Truncated polynomial algebra:

$$
\mathbb{R}[\varepsilon]/(\varepsilon^3)
$$

keeps powers:

$$
1,\varepsilon,\varepsilon^2.
$$

Hyper-dual algebra instead keeps:

$$
1,
\varepsilon_1,
\varepsilon_2,
\varepsilon_1\varepsilon_2.
$$

This distinction matters:

| Structure | Stores |
|---|---|
| Truncated polynomial | repeated derivatives |
| Hyper-dual | mixed derivatives |

Hyper-dual systems are particularly effective for Hessian computation.

### Complexity

For $n$ variables:

- one forward dual pass computes one directional derivative
- one hyper-dual pass computes one second-order directional interaction

Dense Hessian construction still requires multiple evaluations.

However, the method remains exact and compositional.

### Geometric Interpretation

Dual numbers represent tangent vectors.

Hyper-dual numbers represent interacting tangent directions.

The mixed product:

$$
\varepsilon_1\varepsilon_2
$$

captures curvature.

First-order infinitesimals describe local linear geometry.

Second-order mixed infinitesimals describe local quadratic geometry.
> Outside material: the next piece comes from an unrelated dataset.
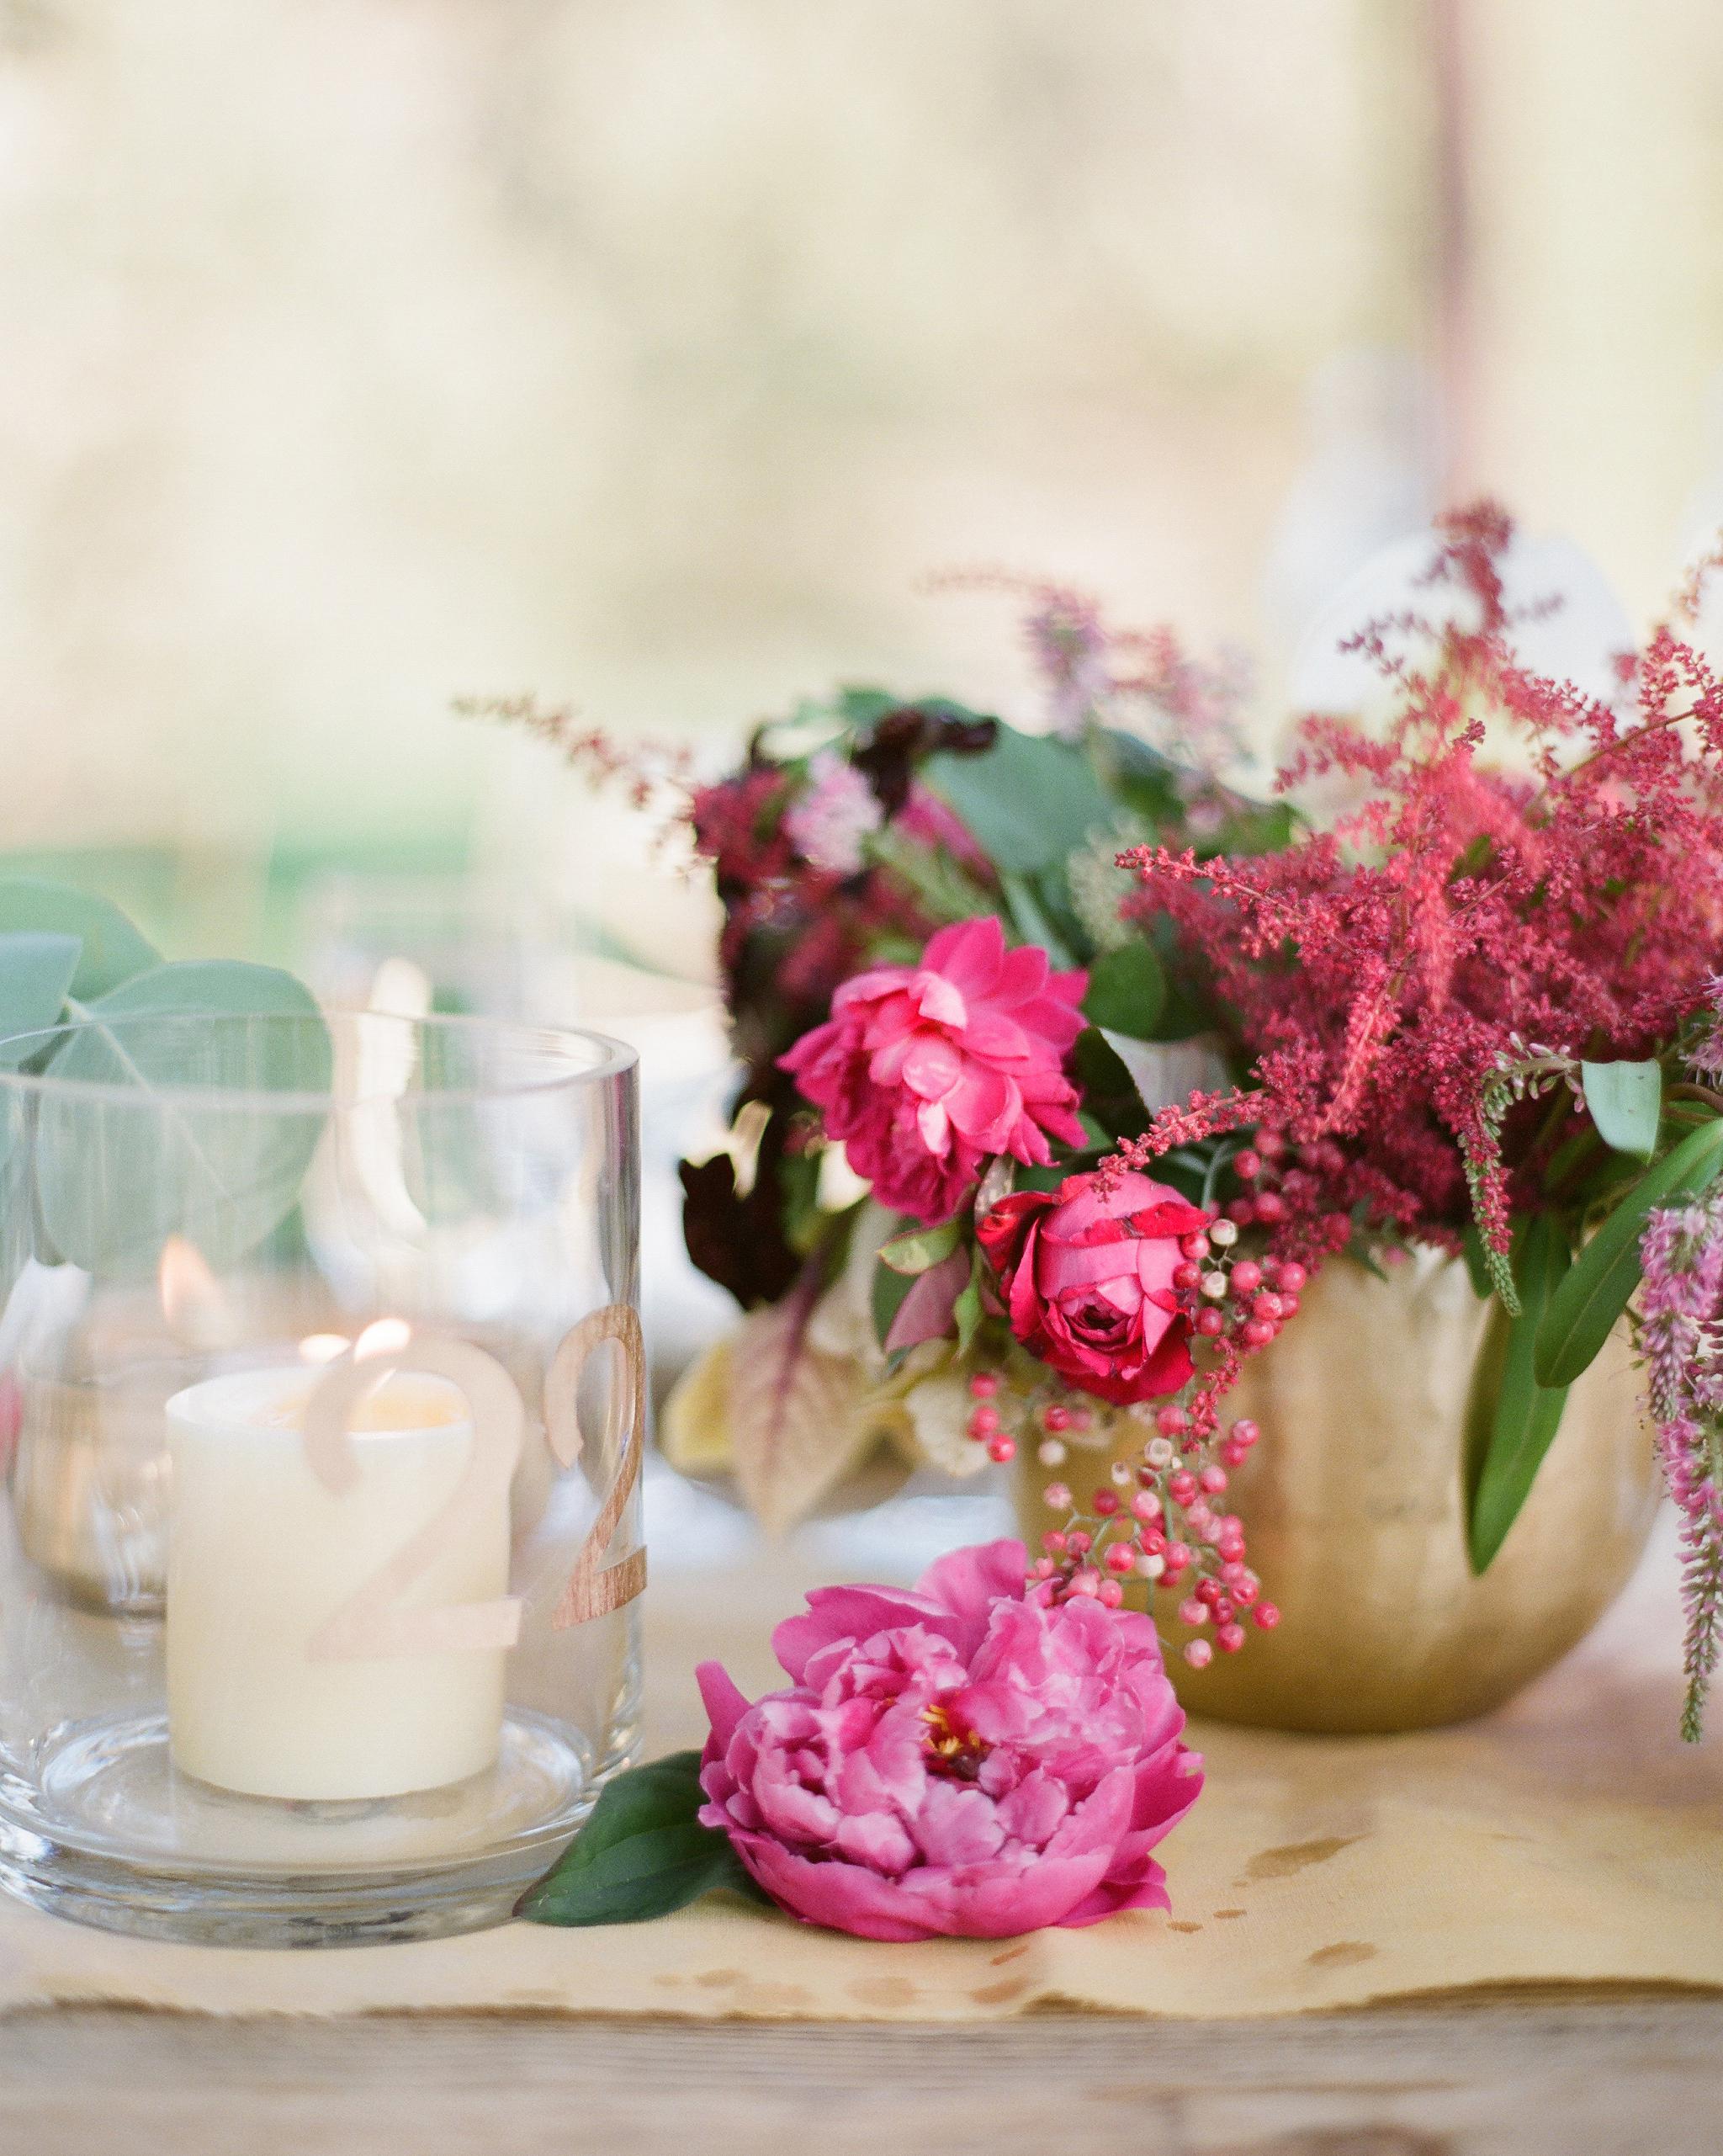 corrine-patrick-wedding-santa-ynez-44730006-s110842-0215.jpg

Hyper-dual numbers therefore encode second-order local structure.

### Summary

Hyper-dual numbers extend dual numbers by introducing multiple independent nilpotent directions whose mixed products survive.

The algebra:

$$
\mathbb{R}[\varepsilon_1,\varepsilon_2]
/
(\varepsilon_1^2,\varepsilon_2^2)
$$

produces exact second derivatives through ordinary program evaluation.

Key properties:

| Feature | Result |
|---|---|
| Independent infinitesimals | separate derivative directions |
| Mixed products survive | second-order information |
| No finite differences | exact differentiation |
| Local algebraic propagation | automatic Hessian computation |
| Structured nilpotency | stable higher-order AD |

Hyper-dual numbers provide one of the cleanest exact formulations of second-order automatic differentiation.